I can only assume that he does this to get it back on the front page of FA again and again, but it keeps showing up in my notifications after having deleted it twice. It gets annoying.

Is this actually allowed?


----------



## quoting_mungo (Jan 14, 2017)

Acceptable Upload Policy - Section 2.1 said:
			
		

> Submissions may not be used as reminders, and those used to sell goods are limited to 1 upload per item for sale per user. Submissions may not be removed and then reposted. The advertising of collaborative pieces is limited to 1 submission per user. This restriction does not apply to commission notices or price guides.


So nope, it's not allowed. If you report it, it'll be looked into - though if you know the user posts and removes reminders repeatedly, providing both the link to the reminder and to their profile is going to be very helpful to our AUP Enforcement staff.


----------



## nerdbat (Jan 14, 2017)

Is there a hope that we get a more comfortable system for reporting AUP-breaking artwork, though? Tickets are tiresome to use, and several times I tried to, I had to wait for response for days, so now when I see crapton of reminders or porn pics in "General" category, I'm like, "Well, I'll just try to ignore it, not worth my time reporting this stuff". I believe I'm not the only one with such line of thought, and in my opinion it's one of the primary reasons why FA is so damn messy as of now.


----------



## jayhusky (Jan 14, 2017)

Not to spiral off-topic here, but I have to agree with nerdbat here about the reporting via TT, it's tiresome as the wait times are sometimes so long that the offending content is gone long before the ticket is answered.


----------



## quoting_mungo (Jan 14, 2017)

Possibly, but I don't know if it's something that's planned before the site rewrite is done.
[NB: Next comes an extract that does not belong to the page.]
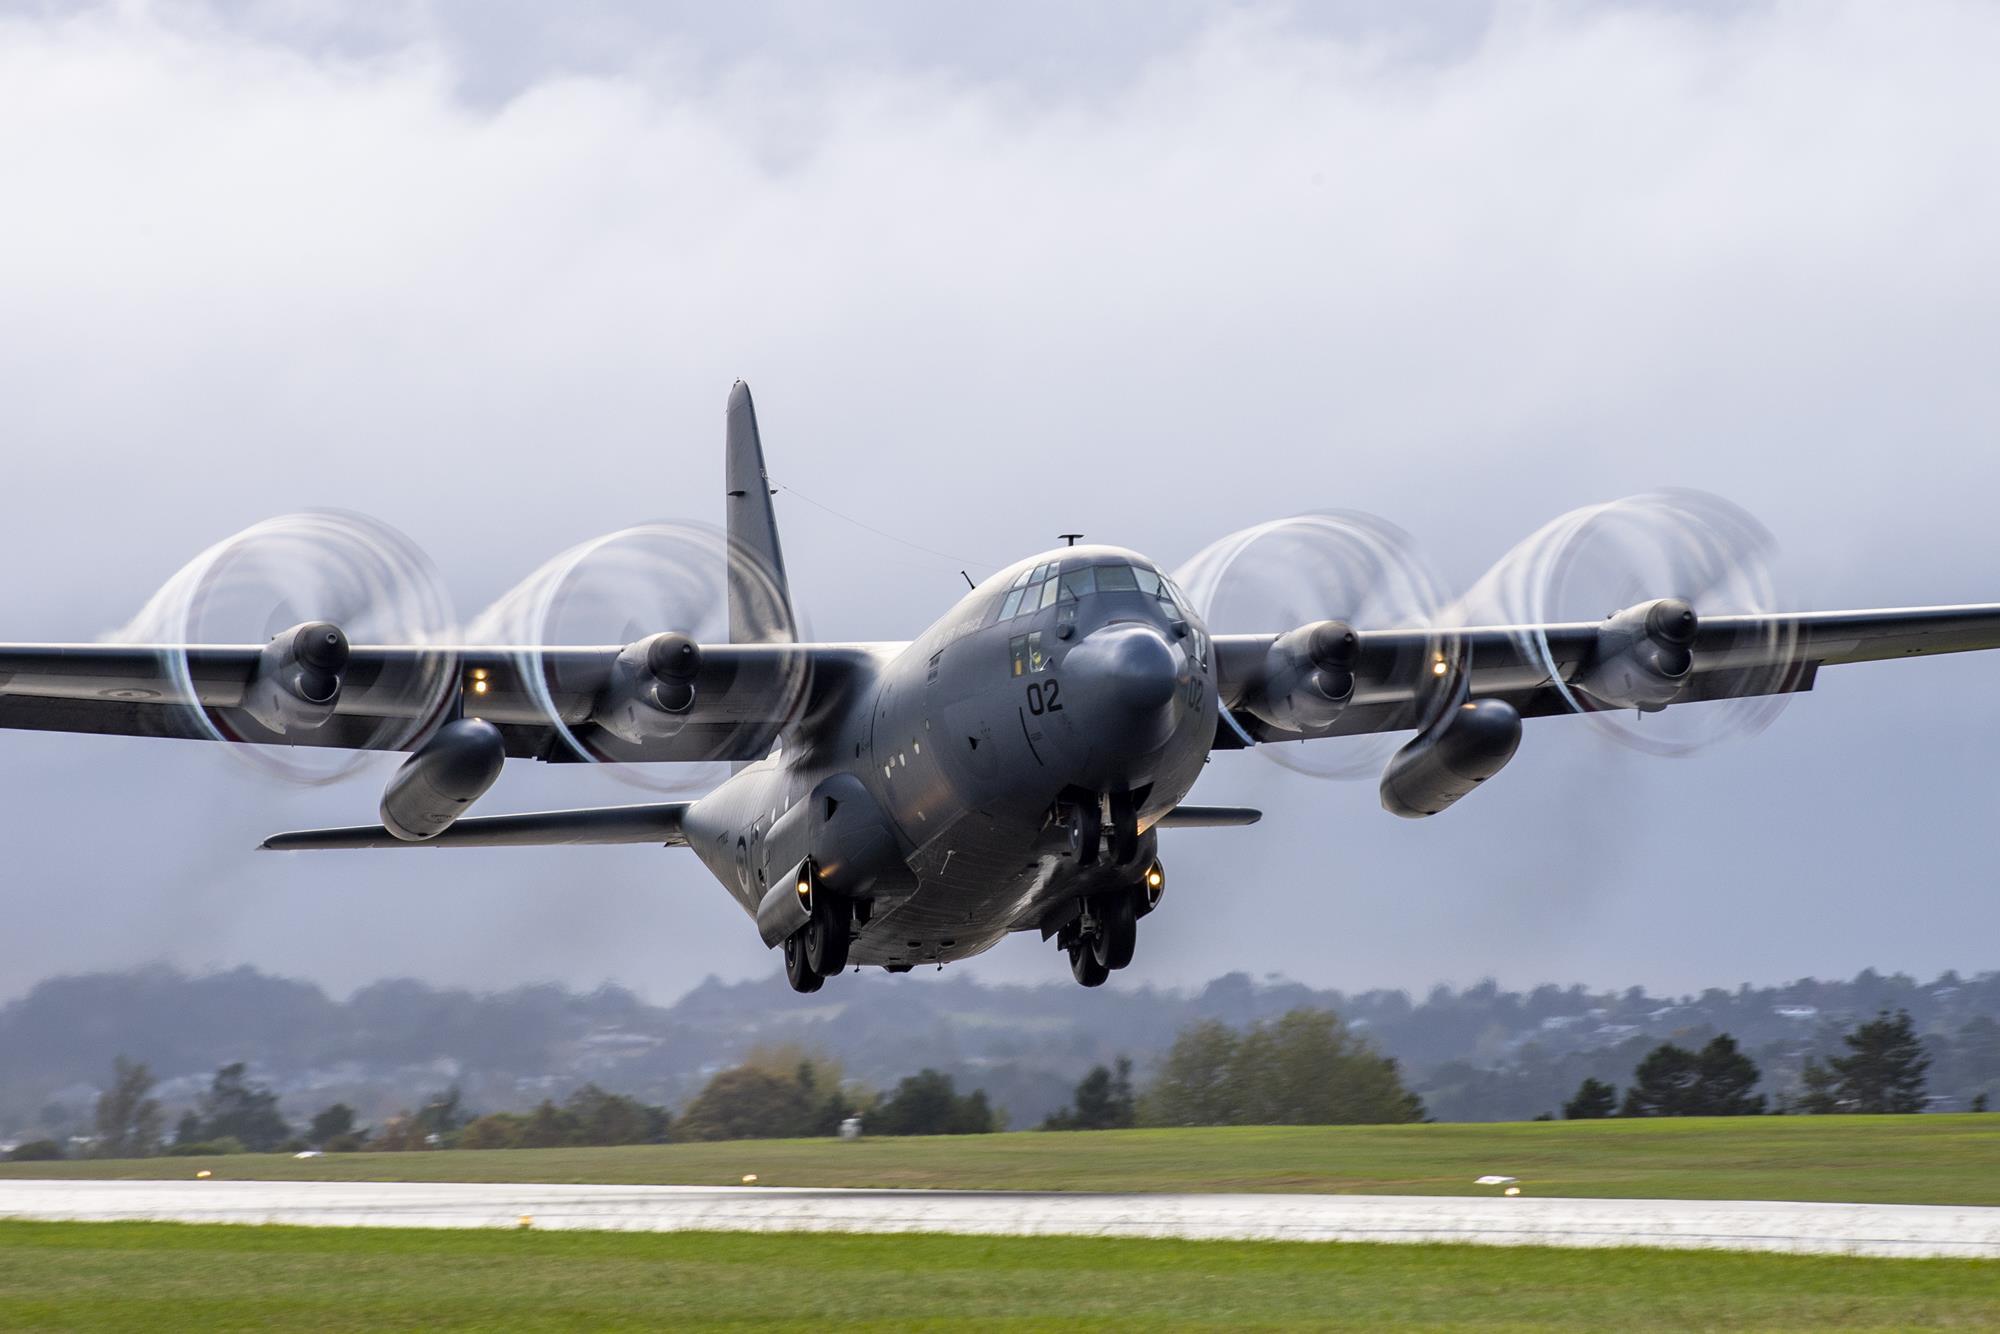 Defesa em Foco no LinkedIn: Embraer C-390 vence Hercules C-130J na

Revamping the ticket system would be quite a sizeable undertaking. 

Generally speaking straightforward AUP violations like reminders and misrated content should get handled quite promptly, though. Doesn't mean content might not get removed before staff can get to the report, but ultimately the purpose of reports and staff intervention is primarily to ensure that site policies are followed, not to punish the offenders.


----------



## cybercat (Aug 6, 2017)

Did they change the rules on YCH reminders ? I've seen a ton pop up on the front page lately. It's not fair if  the rule is applied unevenly depending upon who the user is.


----------



## quoting_mungo (Aug 6, 2017)

As announced on the main site March 30 this year, our AUP received a revision, which included changes to Section 2.1. Checking the journals on Fender's account, and rereading the policies from time to time is generally helpful, especially if you think you or someone else may be violating them.

Closing this thread as it's no longer relevant.


----------